| EXERCISE OBJECTIVE |
Without the pictures, write the listing out again exactly as it appears.

| GIVEN INFORMATION |
• • • •

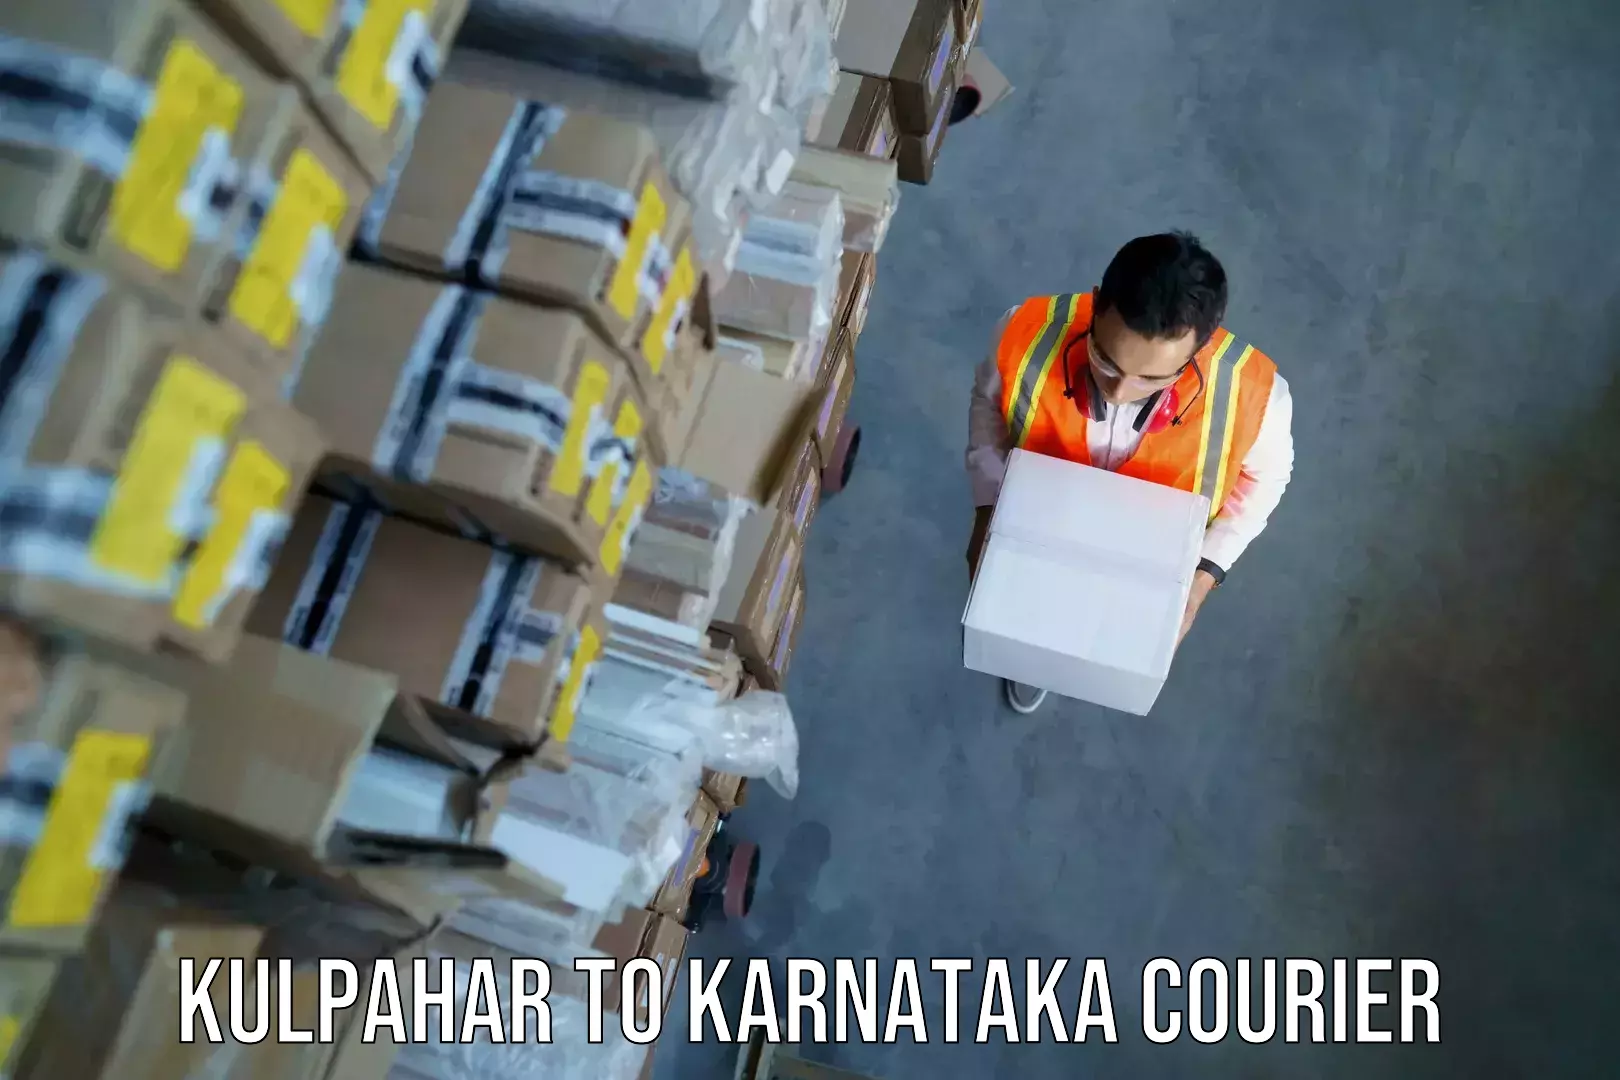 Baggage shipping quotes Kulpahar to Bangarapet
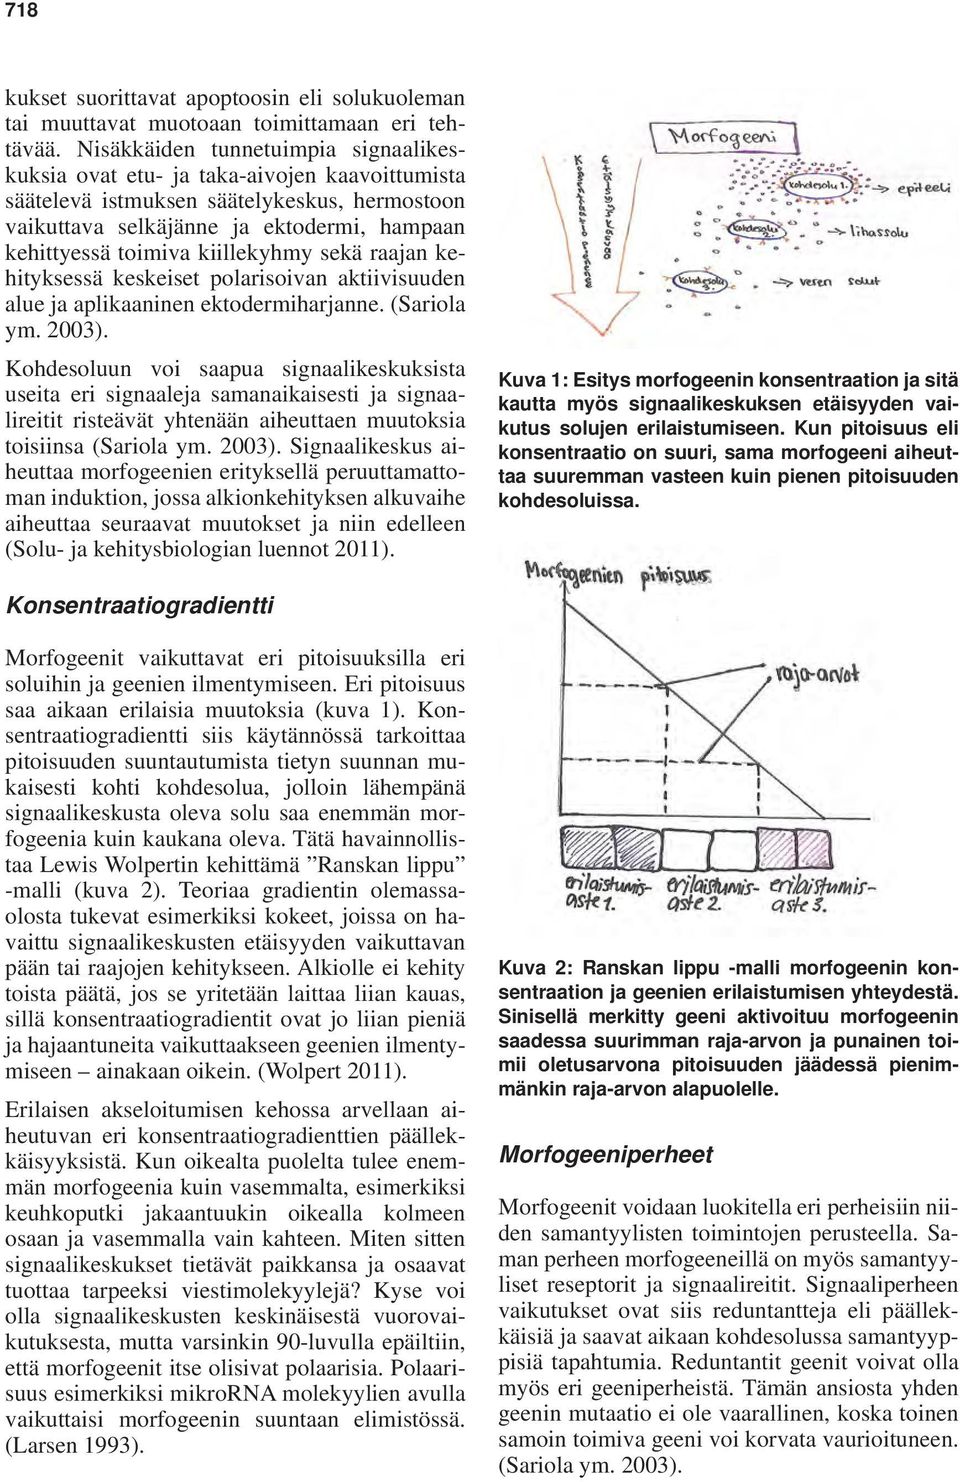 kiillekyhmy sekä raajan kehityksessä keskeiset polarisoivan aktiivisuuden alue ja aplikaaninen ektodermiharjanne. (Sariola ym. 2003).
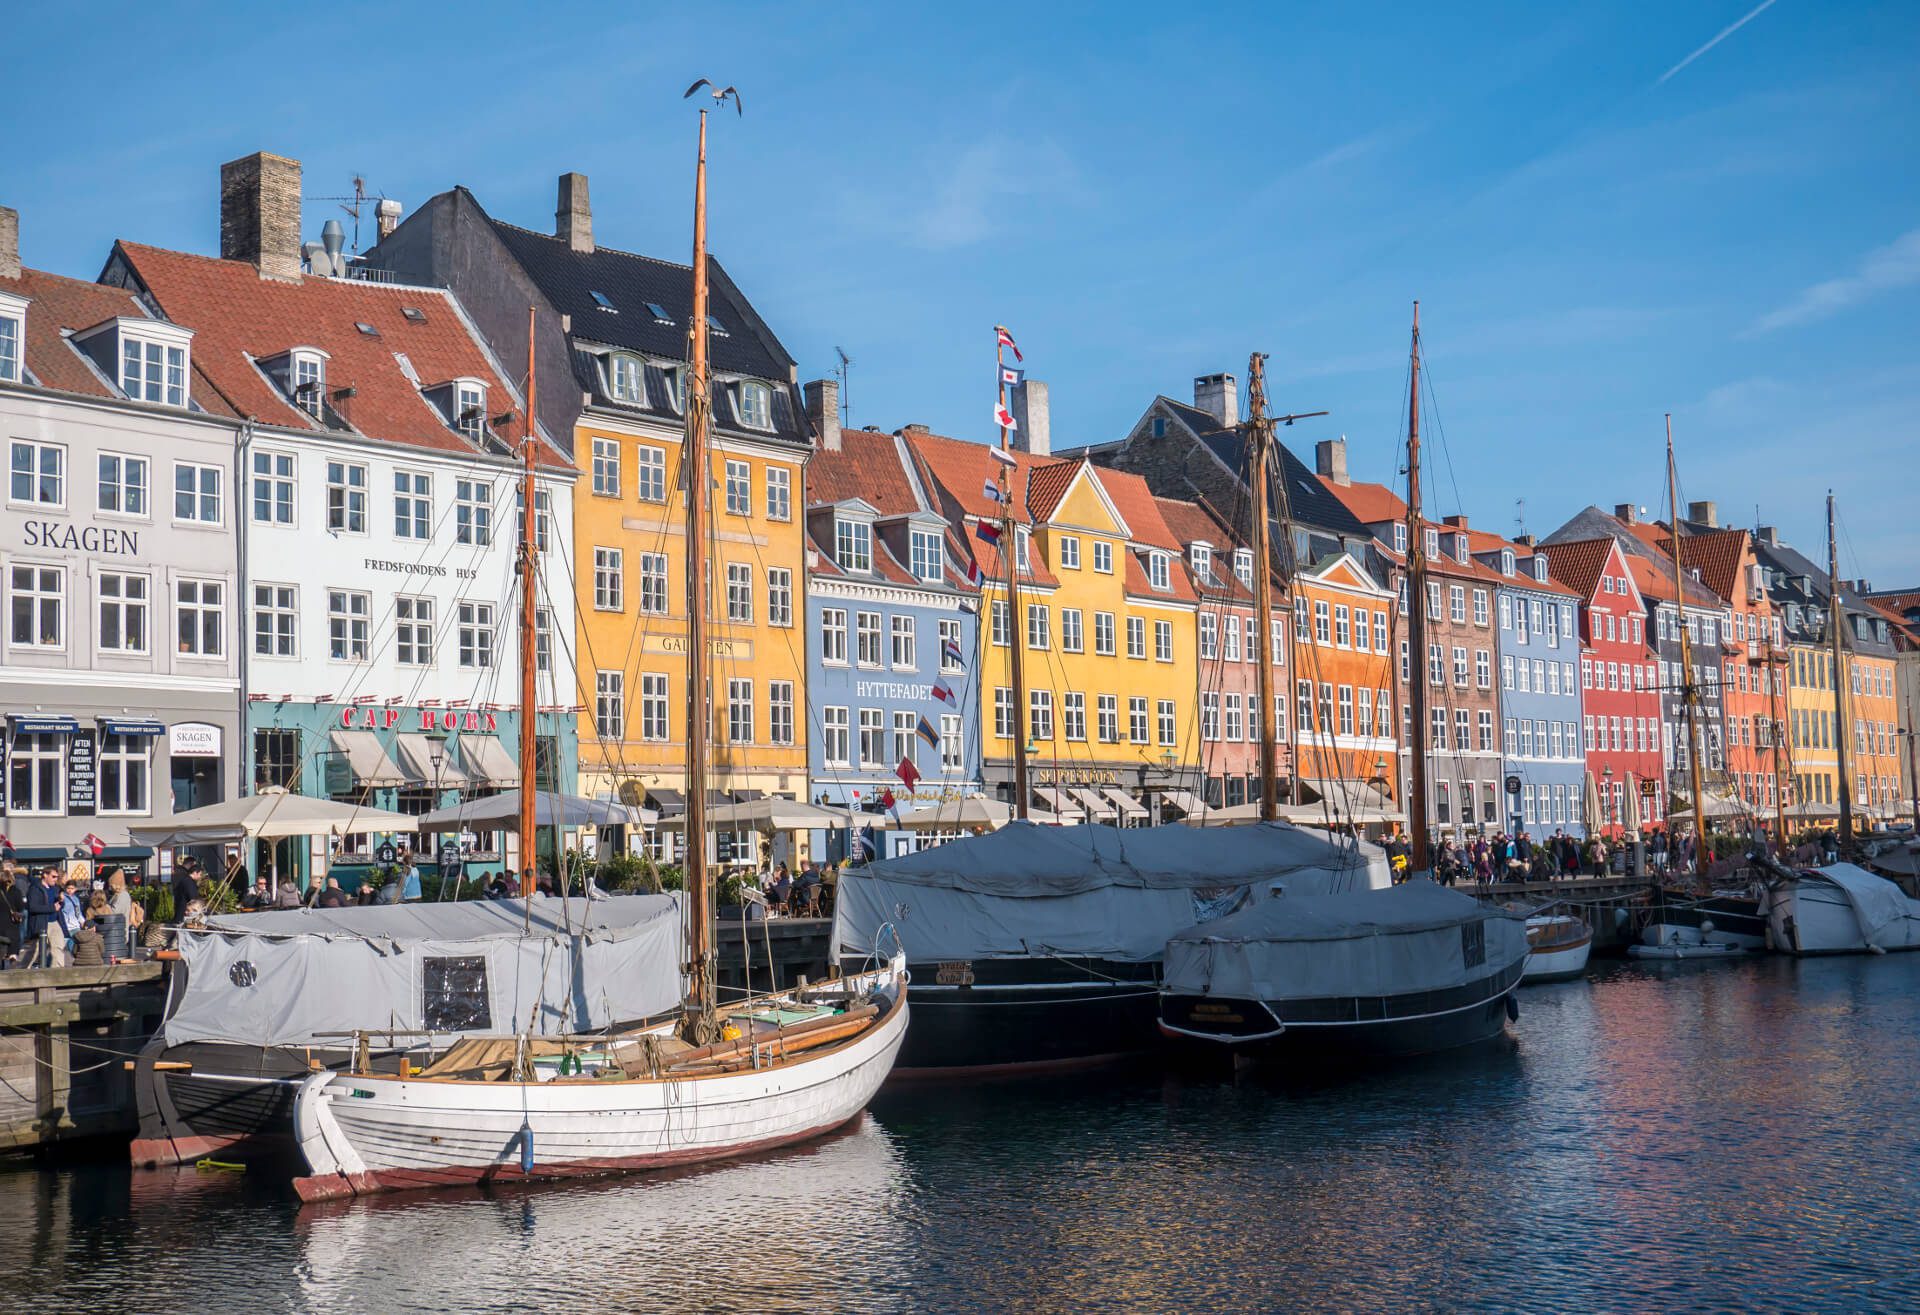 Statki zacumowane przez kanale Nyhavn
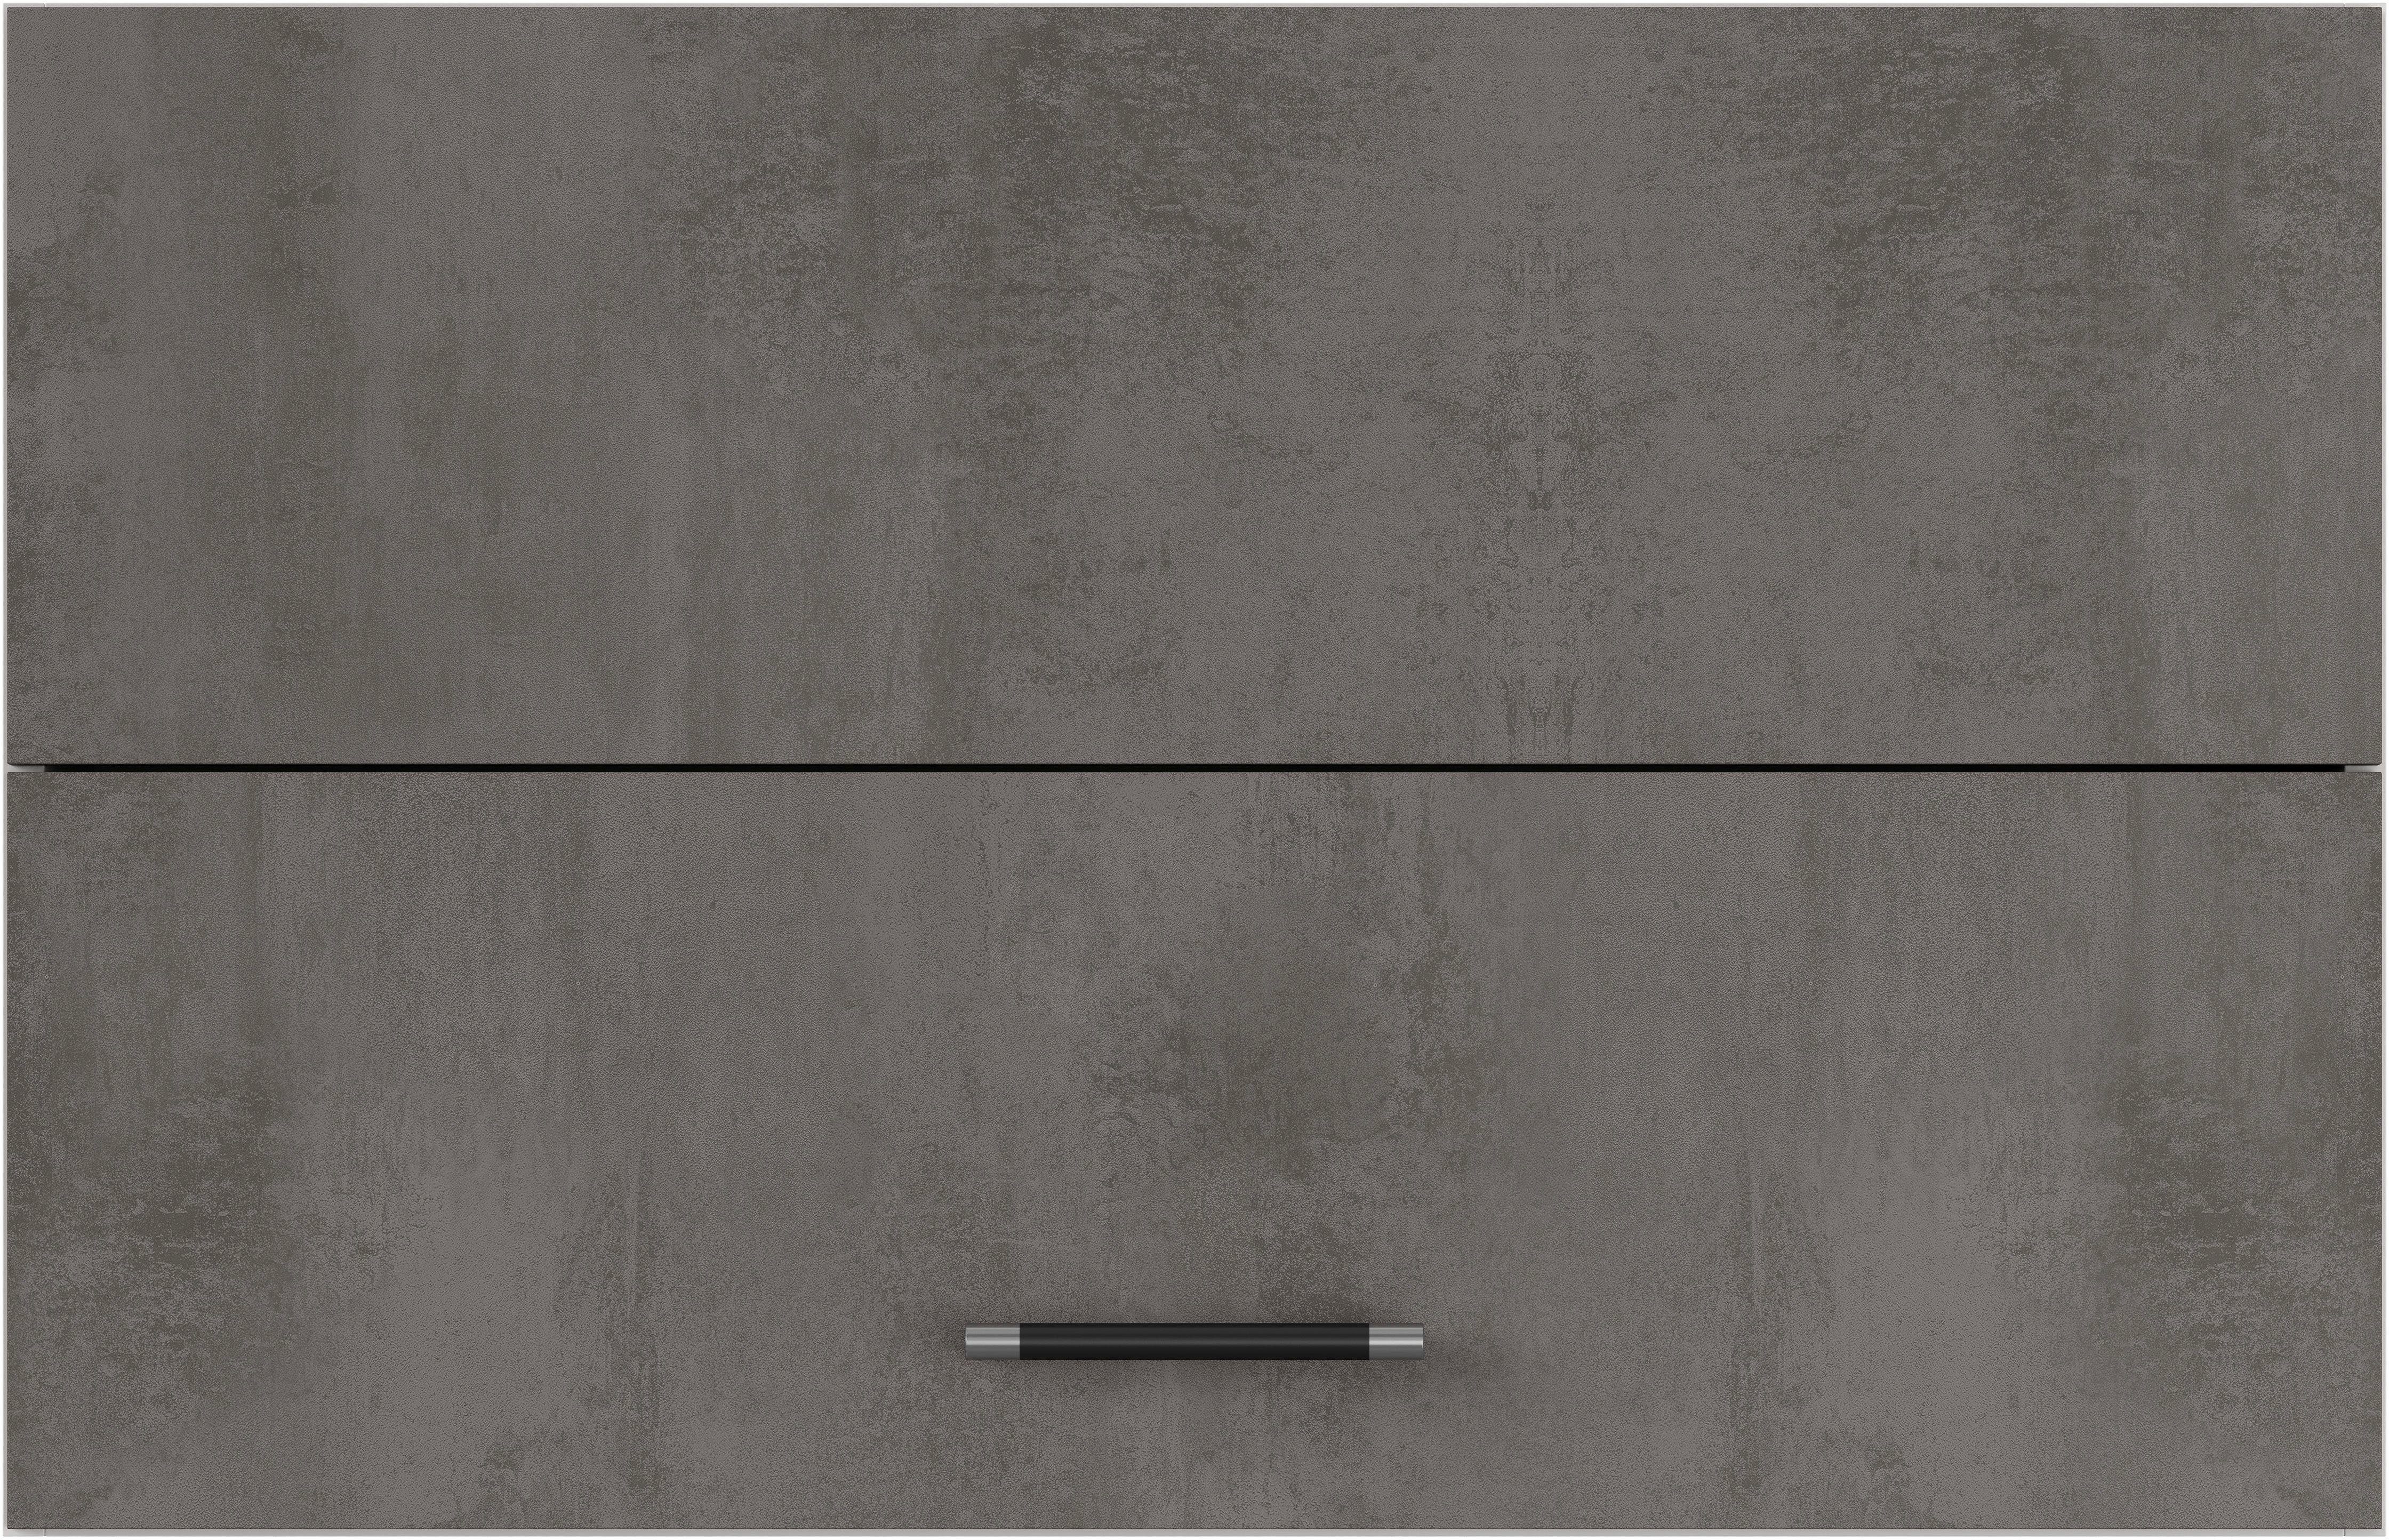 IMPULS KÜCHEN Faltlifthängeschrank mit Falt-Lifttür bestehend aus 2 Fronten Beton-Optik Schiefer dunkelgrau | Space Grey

• • • •

| PROBLEM SOLUTION |
 Baggage shipping quotes Kulpahar to Bangarapet
 kiillekyhmy sekä raajan kehityksessä keskeiset polarisoivan aktiivisuuden alue ja aplikaaninen ektodermiharjanne. (Sariola ym. 2003).
 Statki zacumowane przez kanale Nyhavn
 IMPULS KÜCHEN Faltlifthängeschrank mit Falt-Lifttür bestehend aus 2 Fronten Beton-Optik Schiefer dunkelgrau | Space Grey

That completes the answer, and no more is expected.